Failure By Plaintiff To Call GKL

[65] The learned Magistrate also unfortunately took issue with the
plaintiffs failure to call GKL as a witness to explain the transaction or at
least be made a party to the suit. I do not think, with respect, this criticism
laid on the plaintiff is valid or warranted. The learned Magistrate may well
have the adverse presumption rule in mind although it is not stated in the
judgment.
[66] It should be borne in mind that the presumption only operates if there
is active, conscious, deliberate or intentional withholding, suppression or
concealment of the evidence. An adverse inference would only arise if there
is an improper, ulterior or oblique motive in not producing the witness.
(Murni bin Haji Mohd Taha v. PP [1986] 1 MLJ 260; Public Prosecutor
v. Mansor Md Rashid & Anor [1997] 1 CLJ 233; [1996] 3 MLJ 560; Munusamy
Vengadasalam v. Public Prosecutor [1987] CLJ 250; [1987] CLJ (Rep) 221;
[1987] 1 MLJ 492). None of these circumstances operate in the instant case.

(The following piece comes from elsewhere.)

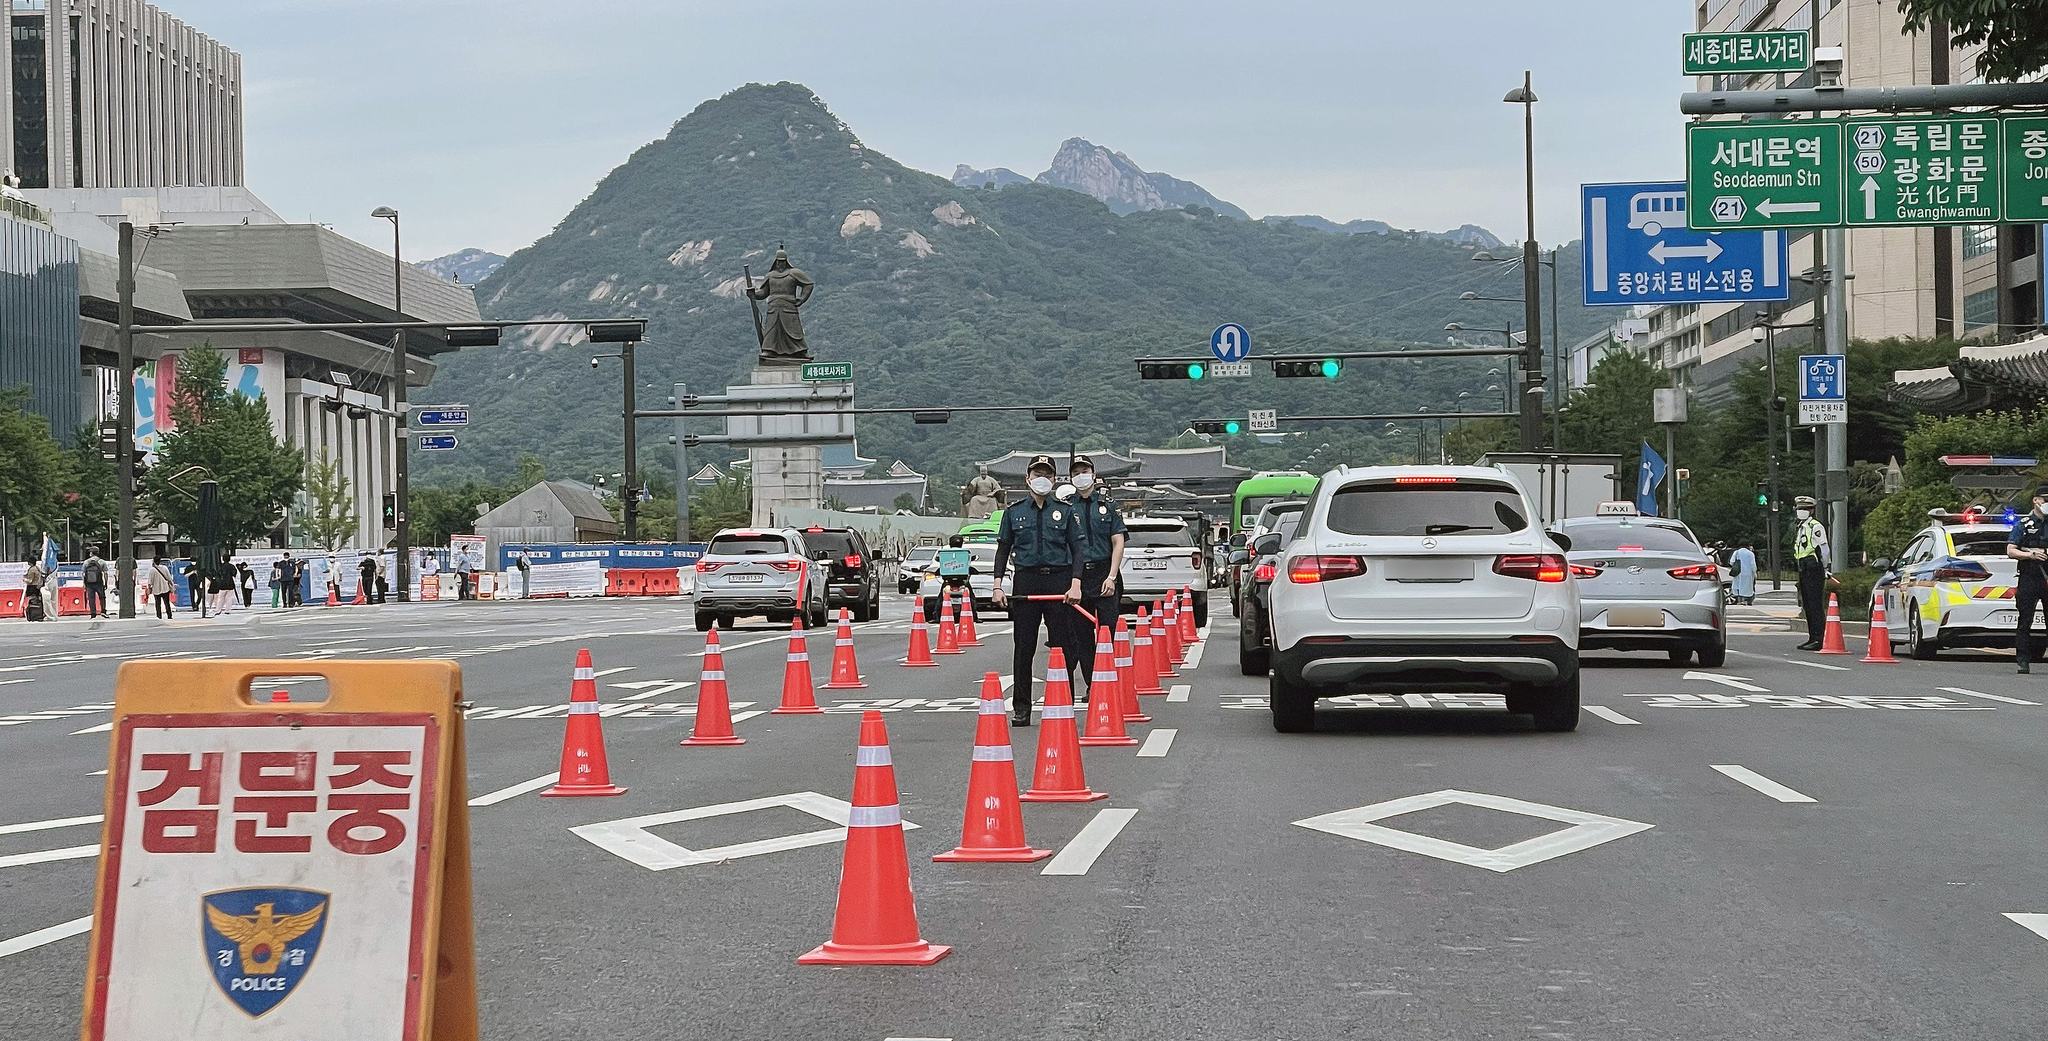 민주노총의 전국노동자대회가 예정된 3일 오전 서울 여의도 사거리에서 경찰이 임시 검문소를 설치하고 지나는 차량을 검문하고 있다. 뉴스1

Importantly, it was also open to the defendant to call GKL as he was their
employee. It was also open to the defendant to add GKL as a co-defendant
or a third party.
[67] In the circumstances of this case, the plaintiff can hardly be faulted for
not calling as his witness someone who has effectively caused him wrongful
loss and who would be hostile to him. Needless to add, it remains the
plaintiffs prerogative to claim against any party he chooses. The only burden
on him is to prove his case on a balance of probabilities. For these reasons,
the criticism in this regard by the learned Magistrate as well as the defendant
is both misconceived and misplaced.
Conclusion
[68] In the circumstances, and for the reasons stated, appellate intervention
is warranted as the decision of the learned Magistrate cannot be sustained on
several issues of fact and law. Accordingly, the appeal of the plaintiff is
allowed. It follows that the plaintiff is entitled to his claim against the
defendant as filed in the Magistrates court. The plaintiff is entitled to both
the scale costs below and costs of this appeal fixed at RM4,000.